E' erronea la posizione che guarda agli Usa come dominatori del mondo, unica superpotenza e che per questo perora un fronte unito mondiale contro l'imperialismo USA. Questa posizione lega obiettivamente le lotte proletarie e dei popoli agli imperialismi concorrenti e trasforma le lotte proletarie e i movimenti di liberazione in succubi e compartecipi della contesa interimperialista. Perfino nei luoghi in cui l'imperialismo Usa interviene direttamente – Iraq, Afghanistan, Medio Oriente con il gendarme israeliano, America Latina – la lotta contro l'imperialismo Usa non deve lasciare alcun spazio alla subordinazione agli altri imperialismi.
I processi che innesca la crisi sono sostanzialmente uguali in tutto il mondo: contenere i danni dei crack bancari, intervenire a sostegno delle industrie in crisi, favorire una ristrutturazione di collocazione di esse sul mercato mondiale. Questo esige l'abbassamento del costo del lavoro, l'ulteriore taglio delle spese sociali, mantenere bassi i prezzi dell'energia e delle materie prime, in una gara in cui chi riesce prima guadagna terreno sugli altri. 
Questo domanda uno Stato ancora più schiacciato sugli interessi immediati del grande capitale, uno Stato forte e militarizzato per imporre a tutti queste soluzioni e contenere l'inevitabile protesta sociale, ribellione dei proletari e dei popoli su cui la crisi è scaricata. 

Le soluzioni sono identiche indipendentemente dalla forma dei governi e la reazionarizzazione generale è l'unica tendenza che si afferma.  In ciascun paese essa assume i colori legati alla storia di questo paese e alle sue trasformazioni, ma è importante vederne i tratti comuni e considerare che da un lato si accentua la lotta di classe e dall'altro si attenua la dialettica governo/opposizione nelle sfere istituzionali, parlamentari di ogni paese .
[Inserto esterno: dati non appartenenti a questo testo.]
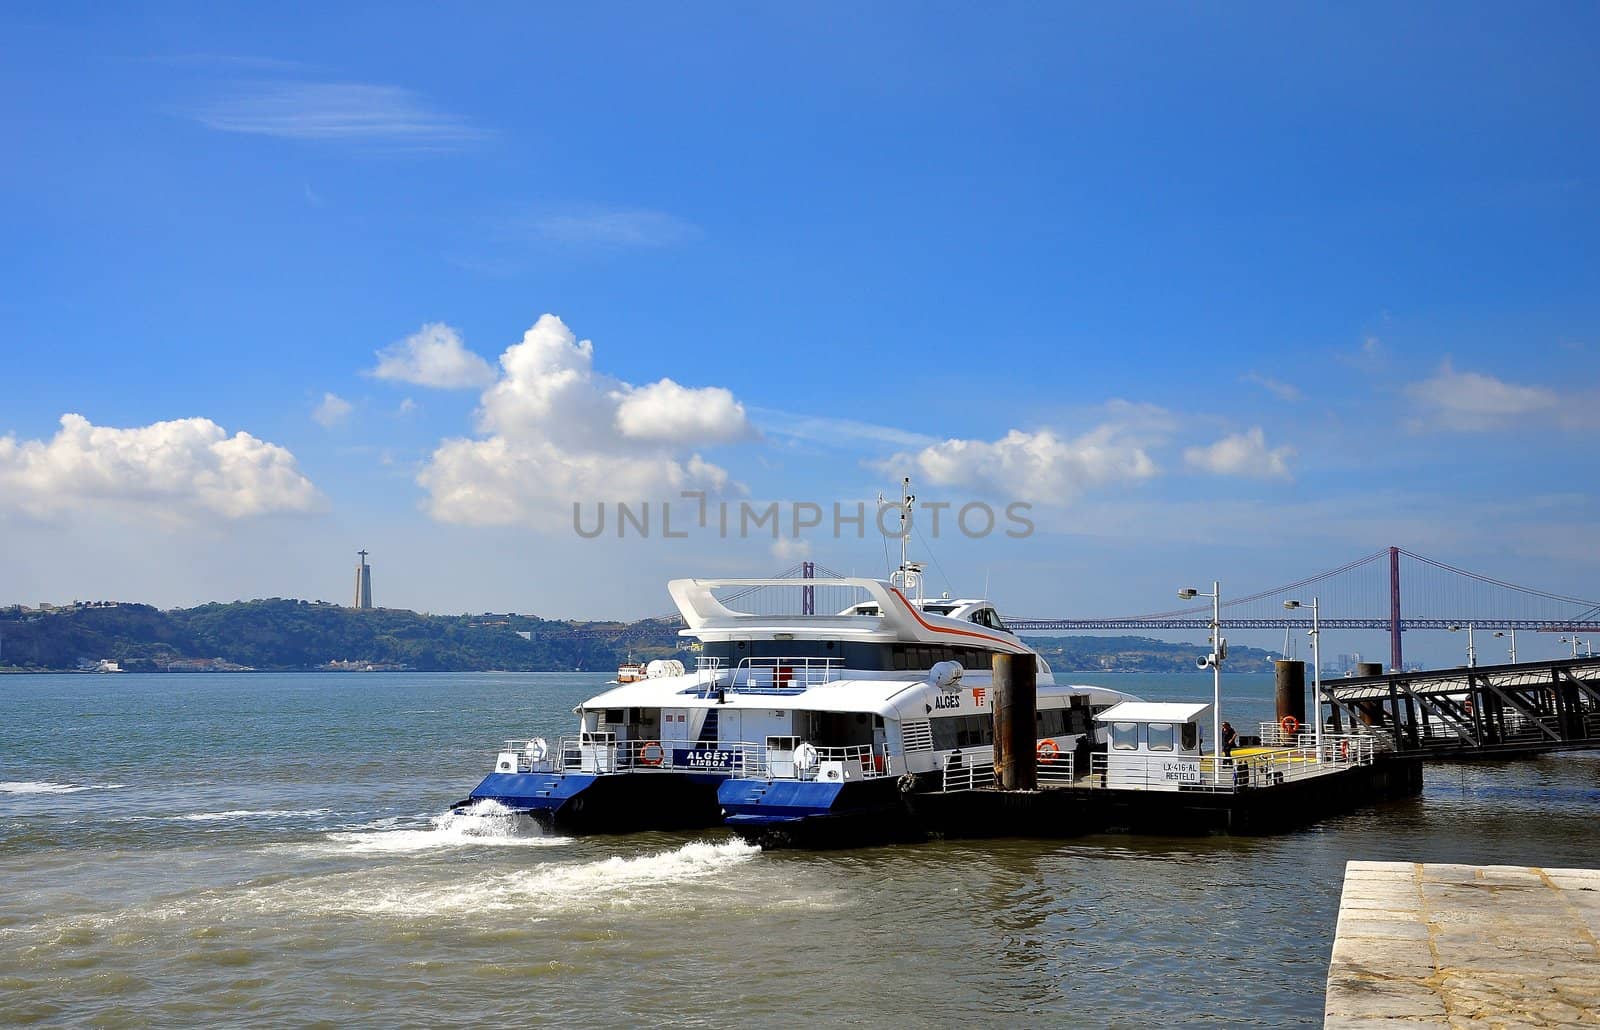 Transportation, the ferry on the river Tejo in Lisbon

Dal punto di vista del proletariato e dei popoli avanza la necessità di contrastare la discarica della crisi sulla propria pelle e di dover fare questa lotta con mezzi rivoluzionari e con fini rivoluzionari. Quindi ci sono condizioni favorevoli non solo allo sviluppo della lotta di classe ma al formarsi della coscienza rivoluzionaria e comunista.
Ma serve l'analisi concreta della situazione concreta, dato che esiste uno sviluppo disuguale che comporta uno sviluppo disuguale della lotta di classe e dei processi rivoluzionari. Lo sviluppo disuguale influenza la strategia e inquadra la tattica. 
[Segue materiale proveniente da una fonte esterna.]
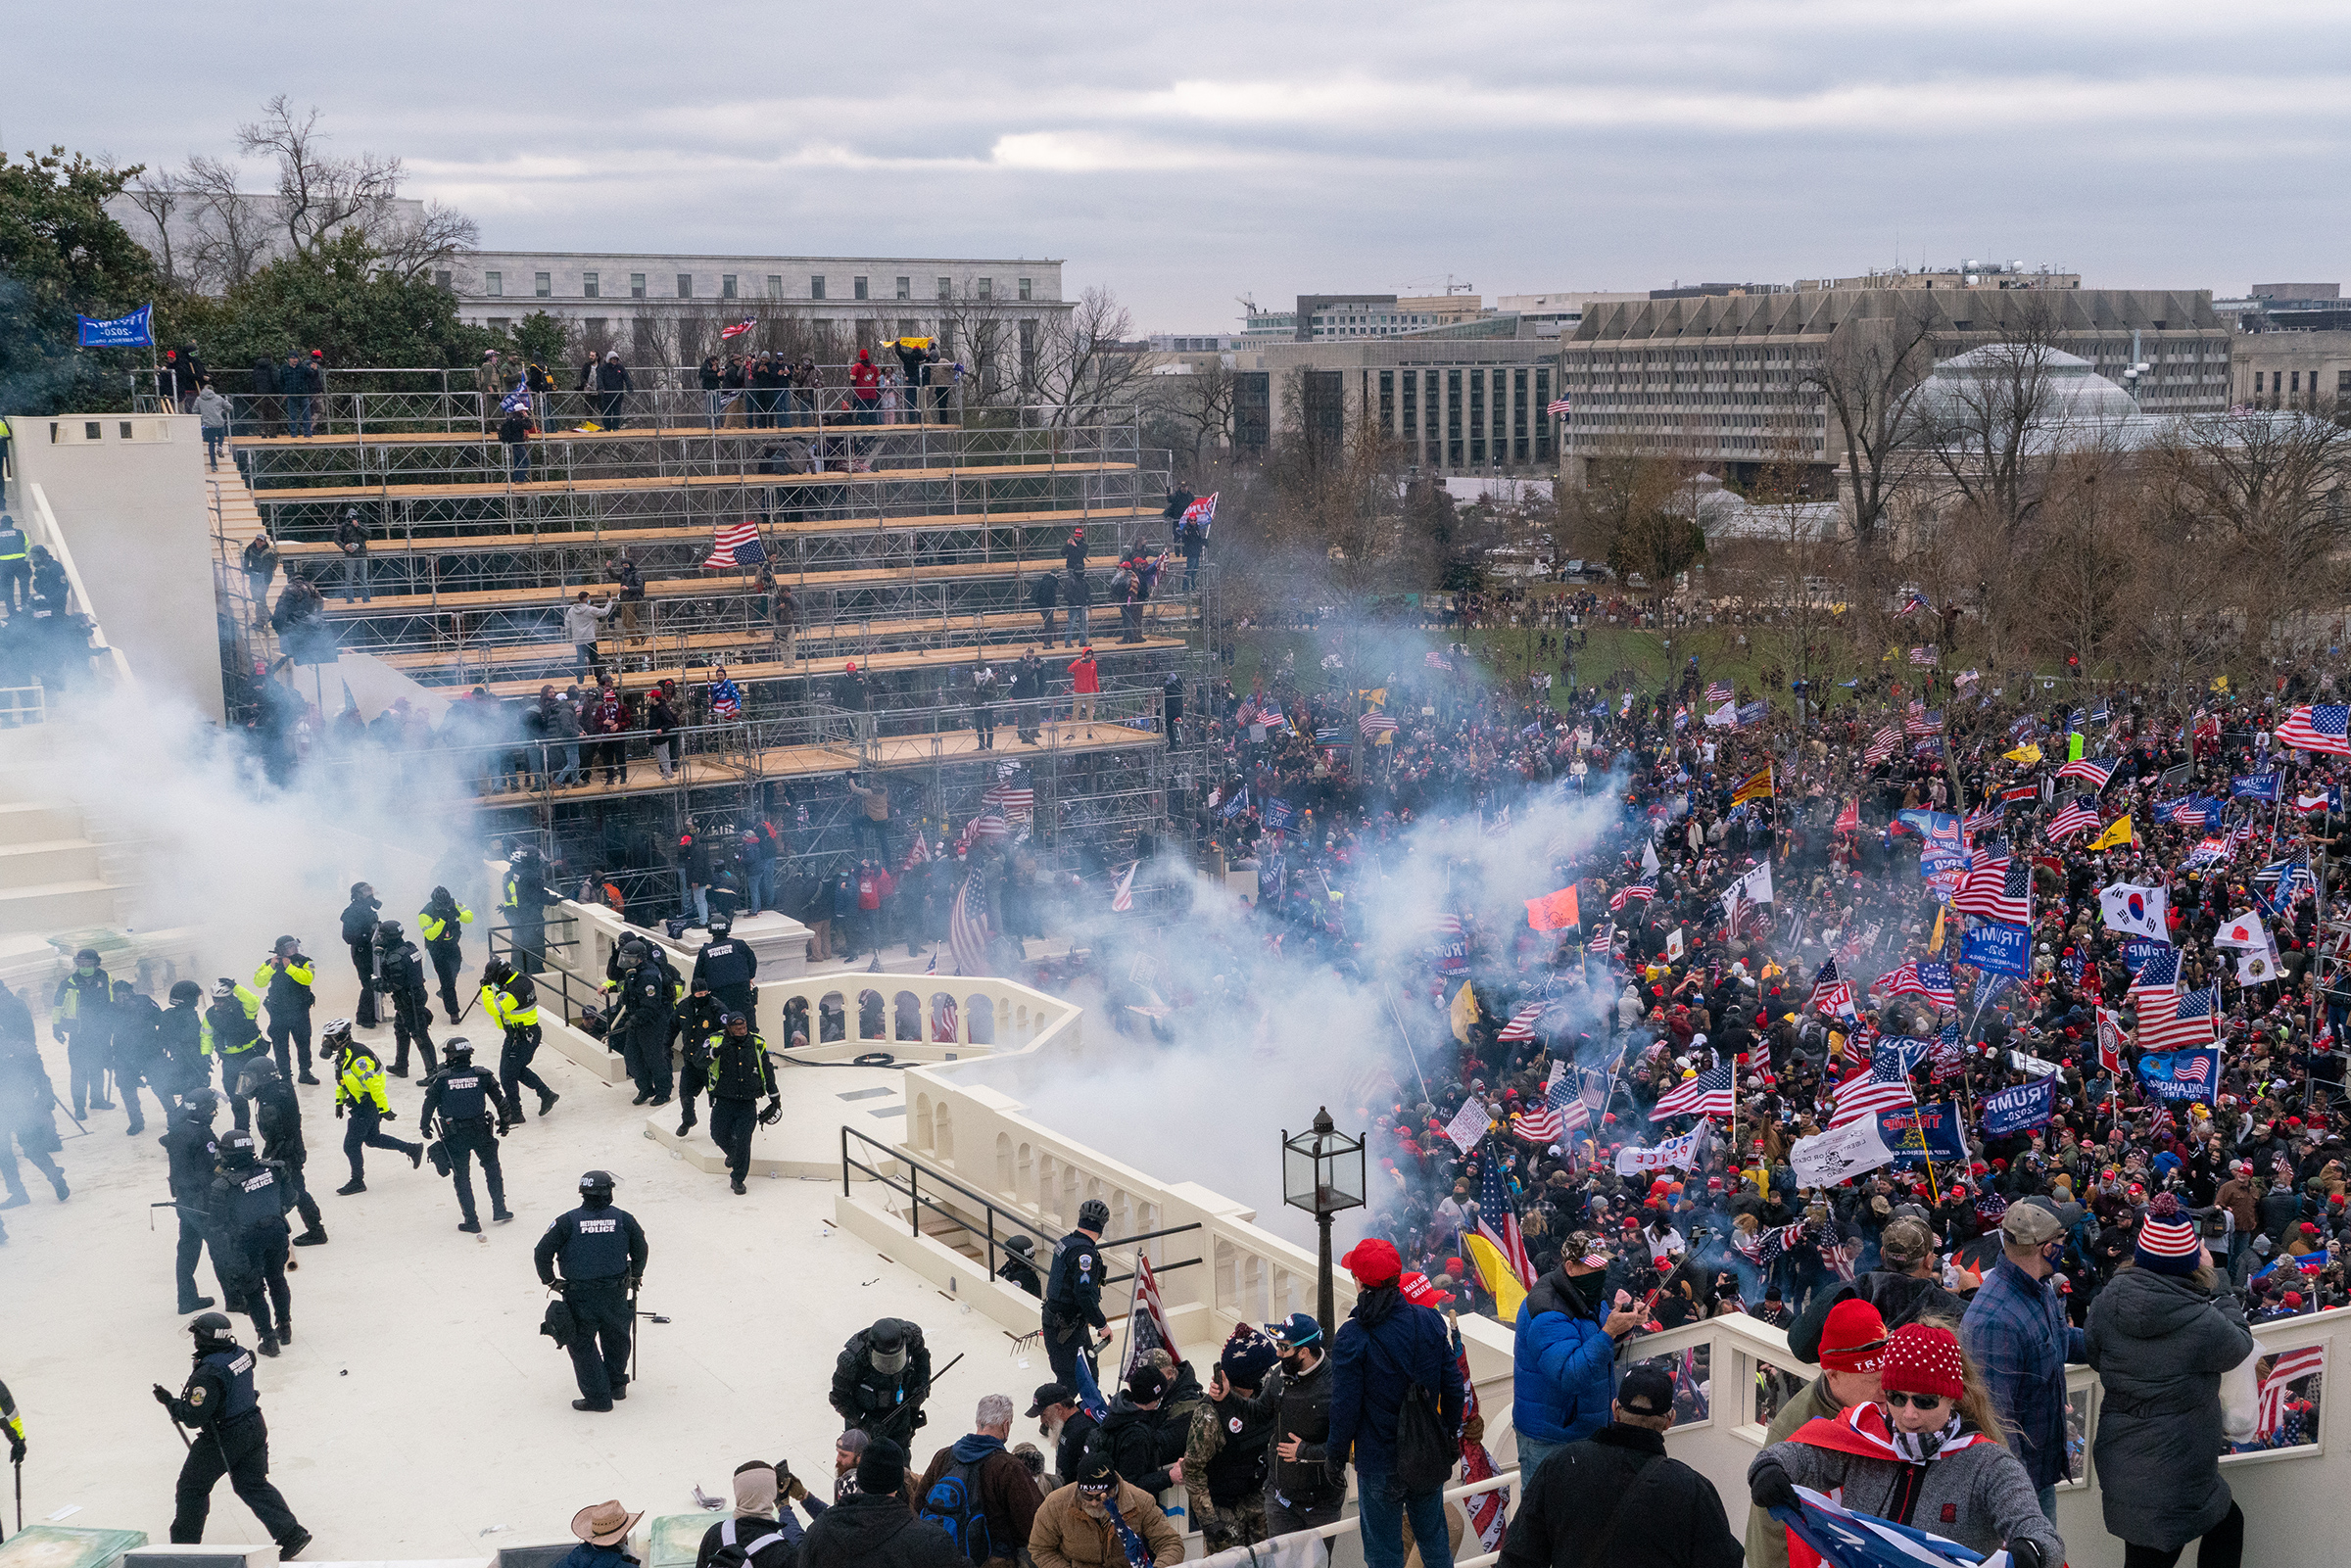 Rioters objecting to the certification of President-elect Joe Biden by Congress were briefly blocked by police outside the Capitol before gaining entry on Jan. 6. They wreaked havoc before being expelled.

Lo sviluppo disuguale è fondamentale anche nella definizione programmatica della lotta per il socialismo. Essa deve tener conto della condizione concreta di ciascun paese nella catena imperialista e delle sue differenze. 
Una visione schematico-dottrinaria del socialismo contiene in sé elementi ora di immediatismo ora di attesismo, ora estremisti, ora opportunisti, che non consentono ai comunisti di cogliere l'effettiva opportunità della situazione mondiale e dei riflessi in ogni paese e di porsi alla testa di una lotta rivoluzionaria del proletariato quanto mai matura e sempre più obbligata.